Всё чаще слышатся голоса о том, что в России нет шансов рассчитывать на быстрые изменения к лучшему; если же нацелиться хотя бы на двадцать лет вперёд – то силы надо вкладывать в перемены в сфере образования, в новые педагогические системы и хороших учителей, сделать образование и воспитание нового поколения главной общественной заботой.
Авторы книги приветствуют и поддерживают подобный ход мысли, но всё же полагают односторонние упования только на изменения в школах явным упрощением ситуации. Зато сам переход в отношении главных общественных вопросов с политического мышления на педагогическое необходим со всей очевидностью. Речь идёт про отказ от веры в административные решения, отказ от ожиданий быстрых эффектов насильственного внедрения новшеств – в пользу опыта взаимопонимания и взаимодействия по-разному живущих и думающих людей, честного внимания к условиям для позитивных перемен.
Страницы этой книги обращены к рассмотрению общественного развития России под педагогическим углом зрения. На них обсуждается то, как перейти от формулировок, сочиняемых по шаблону «надо, чтобы…» – к действиям, опирающимся на логику «чтобы нечто получилось – надо…».
В годы перестройки российская нация из «литературоцентричной» стремительно превращалась в «историкоцентричную». Всё происходящее стало принято мерить историческими аналогиями, объяснять причинами, идущими из глубины времён, выражать в понятиях излюбленных исторических эпох.
Зато три десятилетия спустя для молодых поколений современной России желание рассуждать о жизни «исторически» смотрится дурным тоном, демонстрация исторической эрудиции – вариантом занятного чудачества, подобного коллекционированию значков или страсти к кроссвордам.
Разрыв в мировоззрениях поколений задаёт то скрытое напряжение, энергия которого может оказаться как движущей общество, так и разрушительной для него. Попытки разрыв ретушировать, заполнить его имитациями мифологий советской эпохи понятны психологически (а что ещё придумать, когда нет сил ничего придумывать?), но оборачиваются откровенным шествием голых королей.
Переход от агрессивности к осмысленности, от драки за прошлое к разговору о будущем предполагает и то, что в дискуссиях об историческом самосознании, образовании, культурной политике будут переходить от «перетягиваний канатов» – к признанию того, что многообразие в способах понимания прошлого неслучайно.
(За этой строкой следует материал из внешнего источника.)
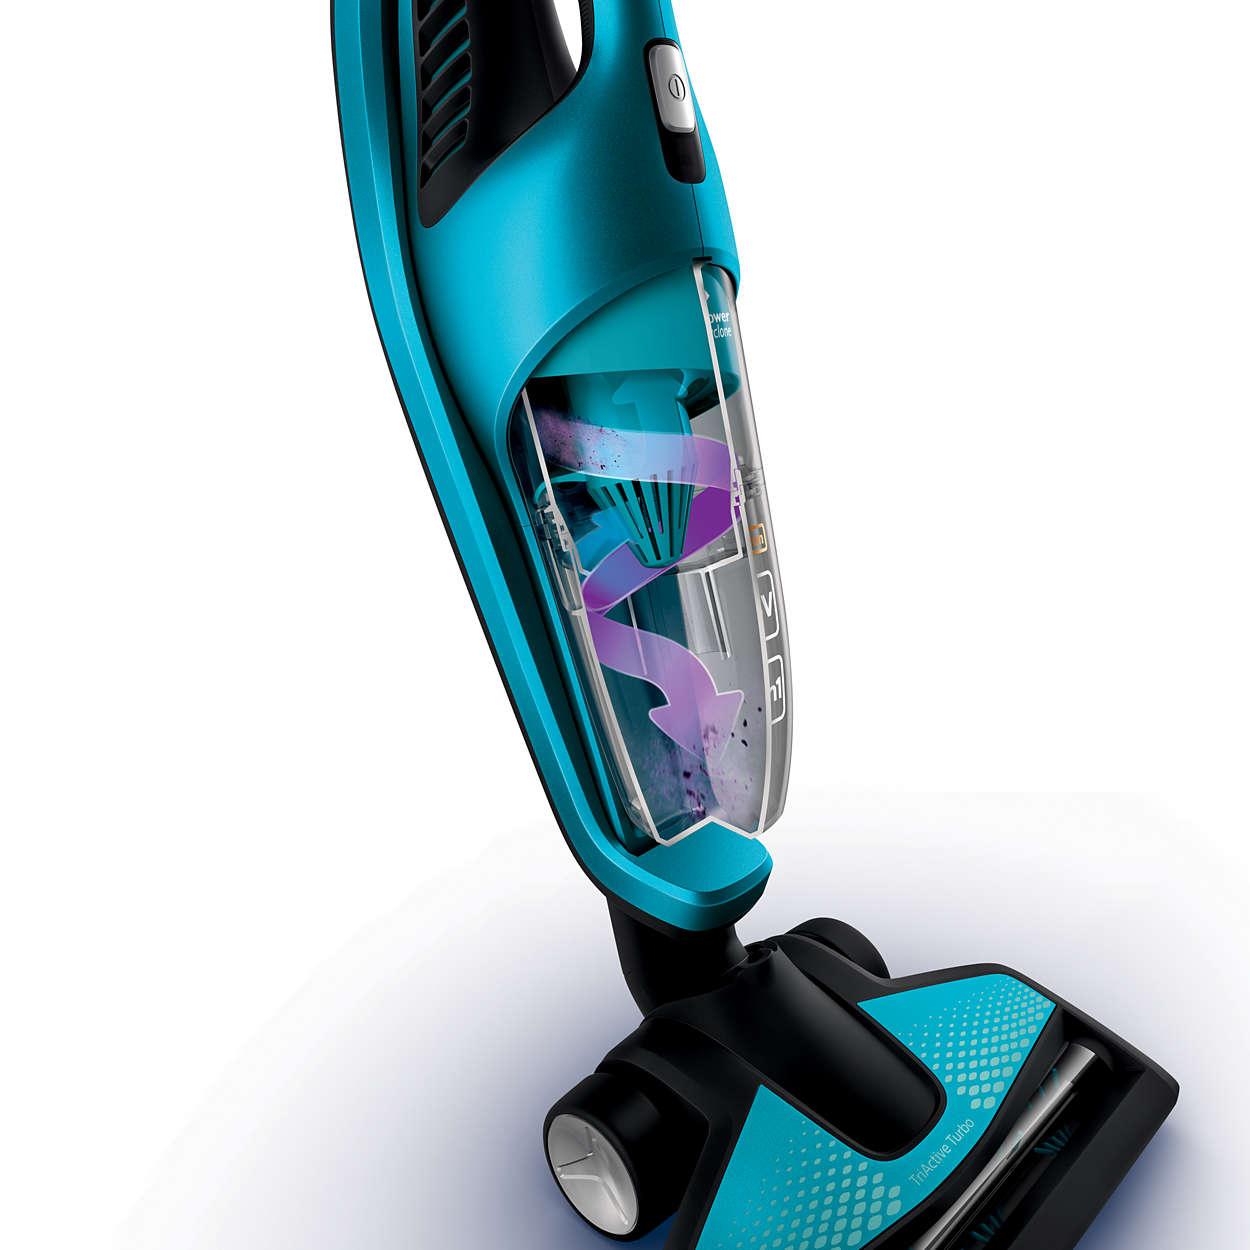 Powerpro Aqua Bezprzewodowy Odkurzacz Myjący 3w1 Z Odkurz Ręcznym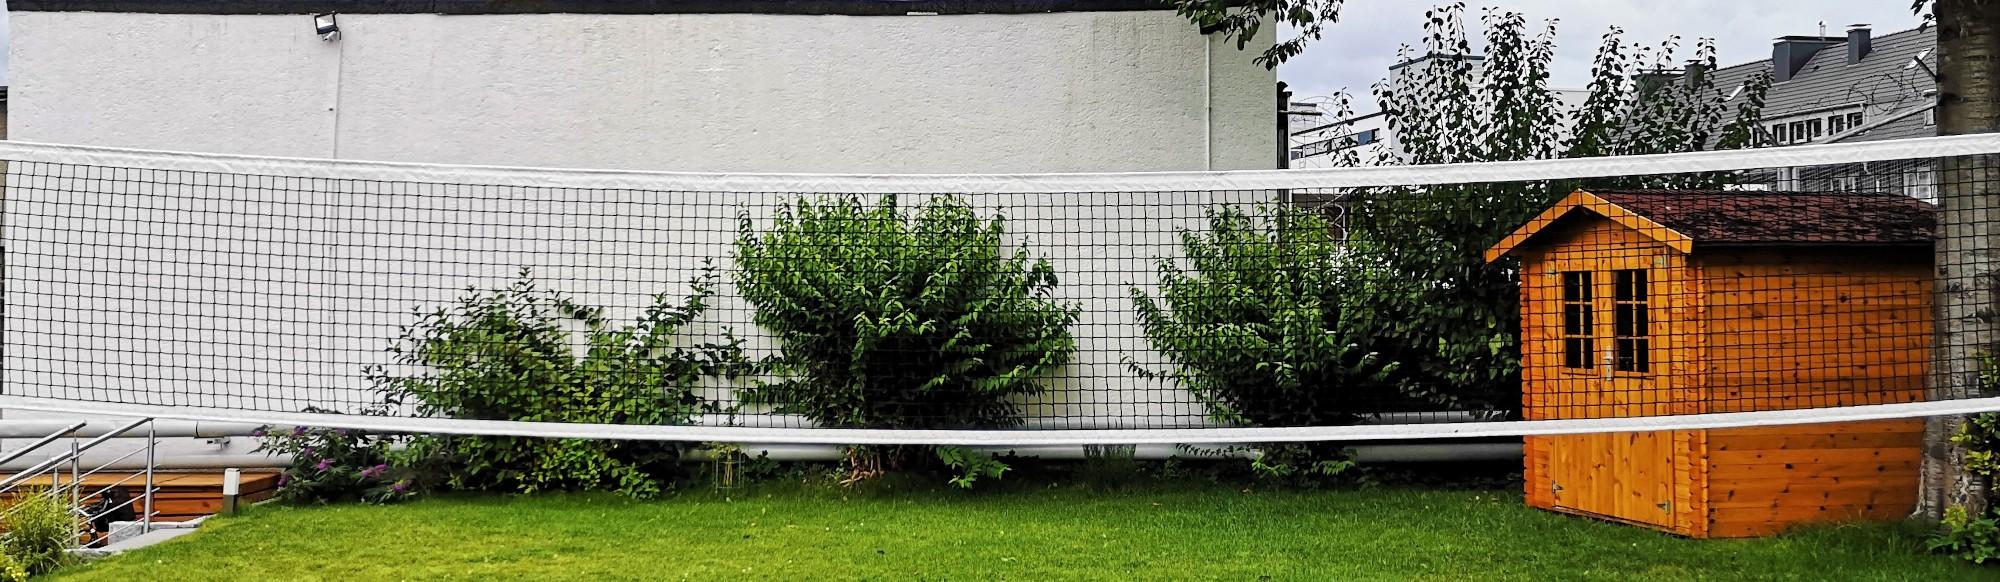 Freie evangelische Gemeinde Wuppertal Barmen - Sport

Значимые результаты будут давать сцепления, совместные «срабатывания» разных культурных позиций.
Как аукаются в общественных практиках те или иные способы обращения с историей, те или иные привычки в её восприятии? Серьёзный обзор подобного сюжета конечно, не предмет этой книги; я рискну взять на себя лишь поверхностную работу: набросать примеры резко различных способов общественных и личных взаимоотношений с историей, разметить условные ориентиры.
…Такую фразу бросил удивлённый индийский учёный в беседе со своим российским коллегой. Русский историк шутливо высказал свои впечатления от индийских хроник: действий вроде бы множество, но вовсе непонятно, какая часть калейдоскопа событий на чём сказывается; кажется, что ничего и не происходит: всё в Индии движется, колеблется, но столетиями остаётся на своих местах. Где тут история – последовательность событий, отчётливо менявших образ жизни страны?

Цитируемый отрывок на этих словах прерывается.